[Exercise instructions]
Every entry should come back exactly as written, minus the pictures.

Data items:
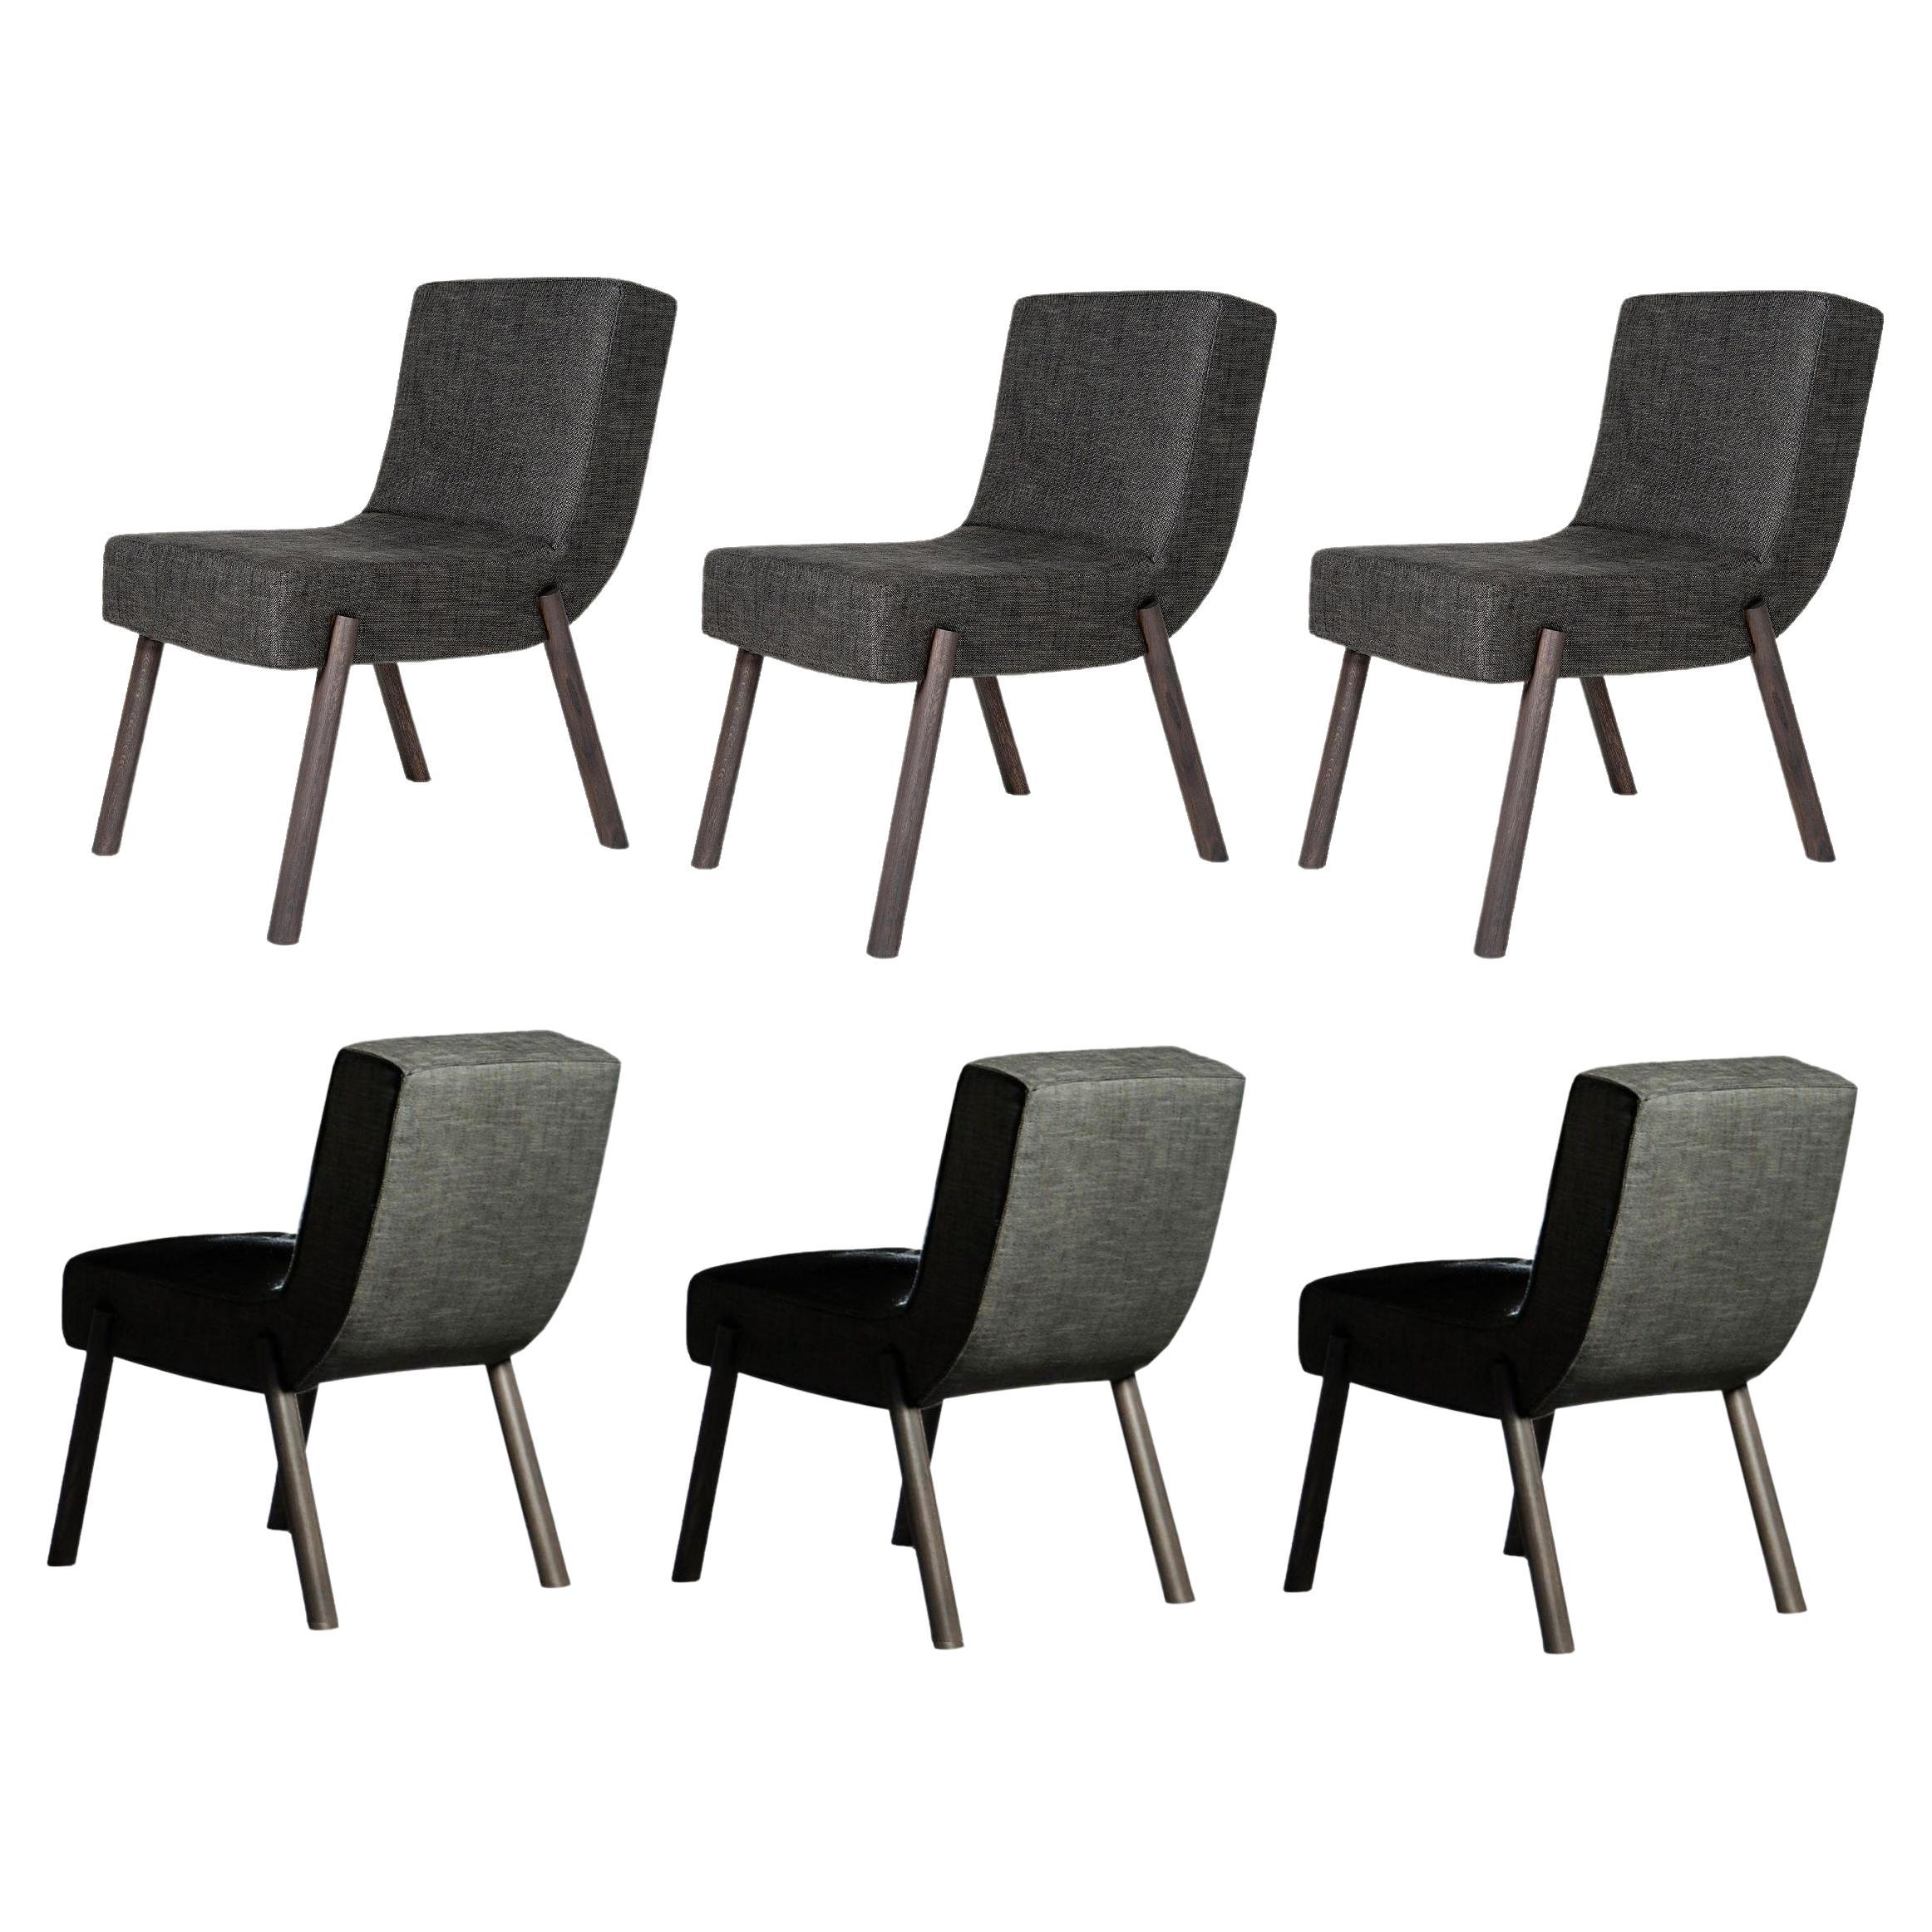 Comfortable dining chair upholstered in performance grey Lenin. 
Legs in dark grey solid oak.
Suitable for contract use.
100% European made product.
“Minimum order of 4 chairs.”
 Contact us to enquire about COM/COL production, requirements and

[Result of this exercise]
 Comfortable dining chair upholstered in performance grey Lenin. 
Legs in dark grey solid oak.
Suitable for contract use.
100% European made product.
“Minimum order of 4 chairs.”
 Contact us to enquire about COM/COL production, requirements and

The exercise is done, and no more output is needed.